The inspiration to Tory’s Spring 2018 collection, David Hicks didn’t just have a way with colors and patterns and visually appealing rooms — he had a way with words, too. Here, we present a few of his guidelines to great design, courtesy of his 1979 book Living with Design.
1.
“Good taste is something you acquire. You can teach it to yourself, but you must be deeply interested. It is in no way dependent on money.”
2.
“Even the most ordinary, everyday objects benefit from careful arrangement. When I buy grapefruit or oranges I arrange them in a large pottery bowl to be a decorative feature until they are consumed. I arrange utensils in our kitchen with a sense of design; I buy soap which will go well with the color scheme of the bathroom. One can enhance one’s life visually all the time if even the simplest things — the way magazines are put out on a table, logs stacked, suits or dresses hung in a wardrobe, gum-boots lined or cassettes stored (mined are in perspex boxes stacked on top of each other) — are arranged with style.”
3.
“Expensive antiqued velvet is hideous yet plain coarse linen is inexpensive and elegant.”
4.
“There is, in fact, an acceptable way of using almost everything. If someone asked me to design a room for them, but confessed that they collected gnomes, I would make a gnomescape on a table. If someone had a passion for flights of ducks I would say that I would use not just one but nine flights and would arrange them in a Vasarely-type way, painting the ducks black and white alternately.”
5.
“Fluorescent lighting has no place in the home.”
6.
“I have always loathed plastic flowers, and would categorically rule them out.
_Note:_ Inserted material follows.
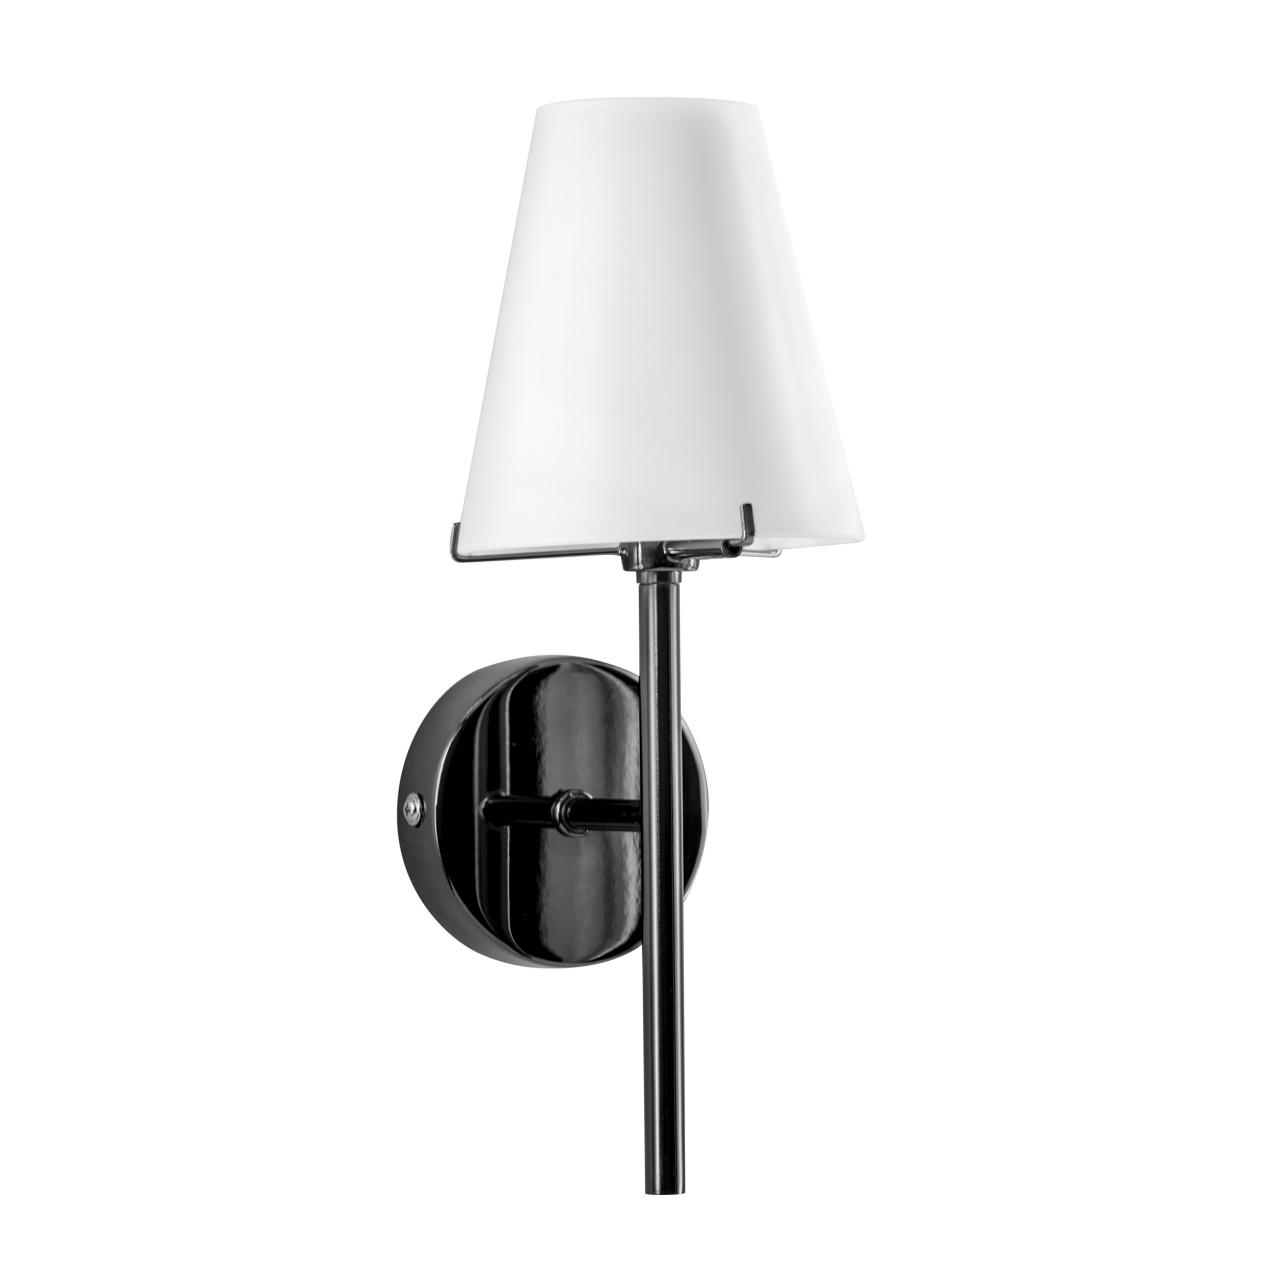 Бра Diafano 1х40W G9 черный хром / белый Lightstar 758617

On the other hand, I have sometimes quite liked flowers made out of gauze or chiffon.”
7.
“Taste is choosing a tie to go with a shirt to go with a suit to go with an occasion. It is the way you arrange oranges in a greengrocer’s shop; the way you light your room; the color you choose for the outside of your motorcar.”
8.
“Good lighting is subtle lighting; the more sources of light, the subtler the effect.”
9.
“I like to have a real fire burning in the fireplace — always a most welcoming sight. One of my great delights is to put a small twig of juniper into the fire for two minutes and then, having blown out the flame, carry it round the room, because the smoke smells absolutely delicious.”
10.
“I like rows and rows of tonic water bottles, apple juice and tomato juice, two or three syphons and several backup bottles of spirits lined up behind each other; it gives a generous welcoming atmosphere and if a busload of friends do descend upon you, you are ready for them.”